Regex: Require that quotes are escaped in a string

Question

thanks for looking,

I've had a terrible time trying to get the right search terms for this regex question. I need to ensure that quotes are already escaped in a string, otherwise the match should fail. (Most search results for this kind of question are just pages saying you need to escape quotes or how to escape quotes.)

Valid:

This is valid
This \"is Valid
This is al\"so Valid\"

Invalid:

This i"s invalid
This i"s inv"alid

The only thing I've managed to find so far is

((?:\\"|[^"])*)

This seems to match the first part of the following, but nothing after the escaped quote

This is a \"test

Again, this should fail:

This is a \"test of " the emergency broadcast system

Thanks for any help, I hope this is even possible.

Answer 1

In C#, this appears to work as you want:

string pattern = "^([^\"\\\\]*(\\\\.)?)*$";

Stripping out the escaping leaves you with:

^([^"\\]*(\\.)?)*$

which roughly translates into: start-of-string, (multi-chars-excluding-quote-or-backslash, optional-backslash-anychar)-repeated, end-of-string

It's the start-of-string and end-of-string markers which forces the match over the complete text.

Answer 2

Don't know the language you use, but I would have done it in this way:

make a regexp, that matches a quote without a backslash, which will fail on

This is a \"test

and succeeded on

This is a \"test of " the emergency broadcast system

for example this one:

.*(?<!\\)".*

and then will use negative expression with the result. hope this will help you

my test in java looks like

    String pat = ".*(?<!\\\\)\".*";
    String s = "This is a \\\"test";
    System.out.println(!s.matches(pat));
    s = "This is a \\\"test of \" the emergency broadcast system";
    System.out.println(!s.matches(pat));

Answer 3

You want to use a negative lookbehind.

(?<!\\)"

This regex will match all quotes that are not preceded by a single slash.
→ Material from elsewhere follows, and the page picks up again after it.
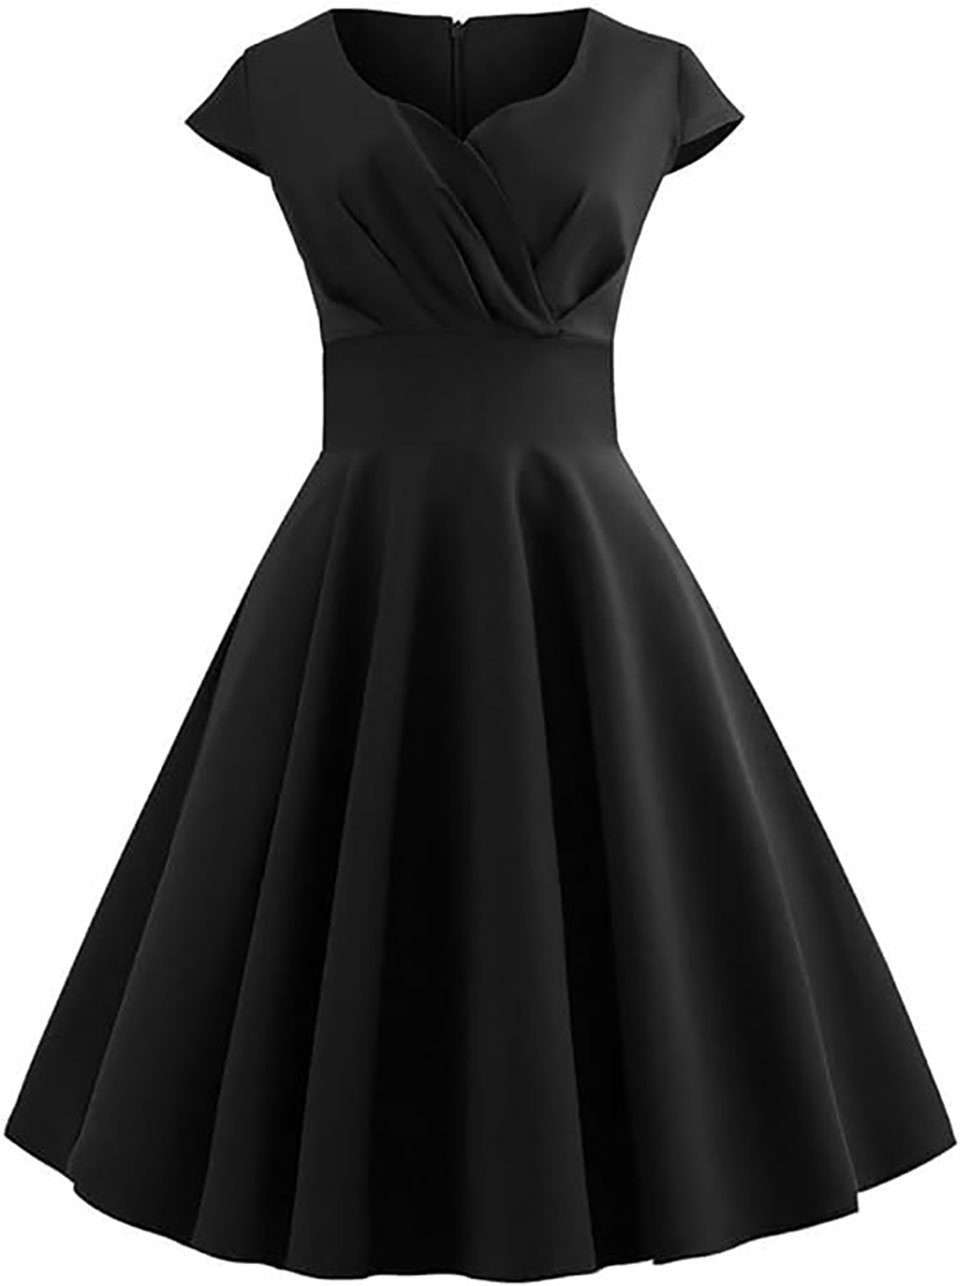 Юбка А-силуэта, винтажное коктейльное платье в стиле ретро 1950-х годов

If you run this regex against your sample string and it finds 1 or more matches, then the string is not valid.

Answer 4

You need to take everything except a backslash and a quote, or a backslash and the next character.

([^\\"]|\\.)*

This way, this will fail:

ab\\"c

This will succeed:

ab\\\"c

This will succeed:

ab\"c

Answer 5

RegEx you're looking for is:

/^(?:[^"]*(?:(?<=\\\)"|))*$/

Explanation: [^"]* will match input until first " is found or end of input is reached. If " is found then make sure in (?<=\\\)" lookbehind that is always preceded by /. Above scenario is recursively repeated until end of input is reached.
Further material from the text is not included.